One of those players is Hamady Ndiaye, a preseason roster invite. In his limited time as a King, the 25-year-old, 7-foot tall big man has been quite impressed by the basketball environment in Sacramento.
“I think being here opened my eyes in a whole different way of the game,” Ndiaye said last week after his post-practice workout session with fellow bigs and assistant coach Clifford Ray. “I did work out with the guys. I practiced a lot and everything, but the feeling I’m getting here – the camaraderie – the coaches and everyone is open to helping.”
The Rutgers alum began his career with the Washington Wizards, playing two seasons in the nation’s capital. He appeared in just 19 games and played a total of 83 minutes as a member of the franchise formerly known as the Bullets.
He looks back fondly at his experience with the Wizards. But in the few weeks he’s spent with the Kings, he’s noticed a different kind of culture – one that focuses on a personal approach with its talent.
“I feel as (if) every single coach on this staff is hands on,” Ndiaye said. “Whenever I walk up to somebody and I’m like, ‘What did I just do wrong?’, they’ll exactly tell me what I did and how to fix it.”
Ndiaye has experienced a number of teaching moments during his time with the Kings, none more memorable than his first practice in training camp at Colorado Springs. As part of his new defensive grading system, Keith Smart passed out report cards to his players and Ndiaye, widely-regarded as a solid defender, received the worst grade out of his 18 teammates.
Shocked and stunned, Ndiaye could’ve pouted or remained silent. But instead, the big man did what every player eagerly looking to improve should do – he approached coaches for feedback and they obliged.
“They corrected everything to the point where my score got so much higher the next day,” Ndiaye said. “And then the next day and the next day. It’s, to me, the best improvement I kind of made in a couple of days. They would just work with me and got me to understand certain things that I didn’t do before – and it’s just a great feeling.”

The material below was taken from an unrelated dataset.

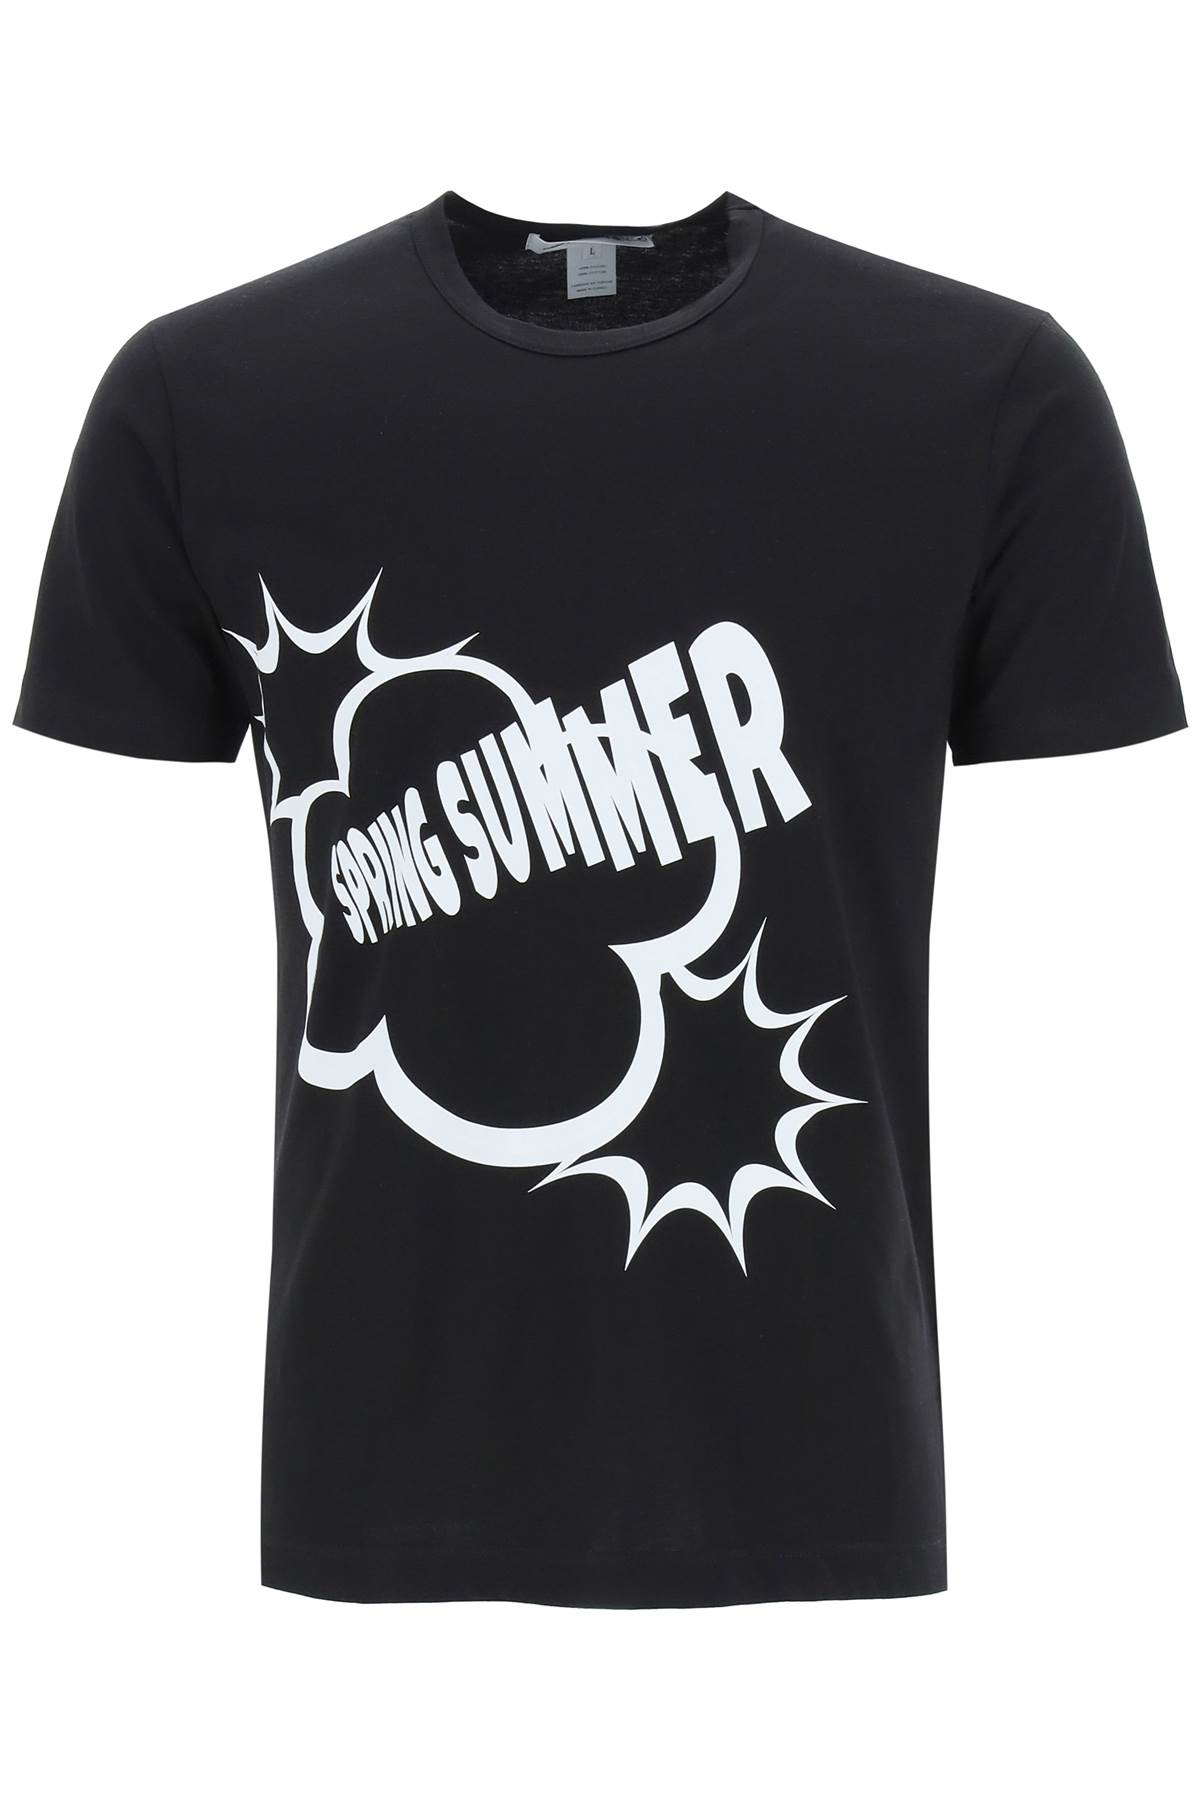 Comme des Garçons Shirt Spring Summer Print T-shirt

The improvement was necessary considering the Kings’ depth at power forward and center. On a daily basis, Ndiaye is facing the likes of DeMarcus Cousins, Chuck Hayes, Jason Thompson and Thomas Robinson – four very different big men who pose very different kinds of challenges on both ends of the floor.
But what doesn’t vary between that eclectic mix of talent is how they are approaching this upcoming season. Ndiaye has seen good work ethic on display in every workout session.
“It’s like there’s a bunch of me’s around,” Ndiaye said of his teammates’ desires to practice hard every day. “And it’s good to work with guys that kind of have the same mentality.
“And everybody goes hard at practice – really hard,” he added. “And I love it. It’s all you can ask as a basketball player.”
What Ndiaye describes is the atmosphere Keith Smart has been working to establish since becoming head coach in January. Will the change in culture lead to more wins this year? Nobody knows. But from the eyes of a player who spent two formative seasons of his career on a rebuilding team, the Kings seem headed in a positive direction.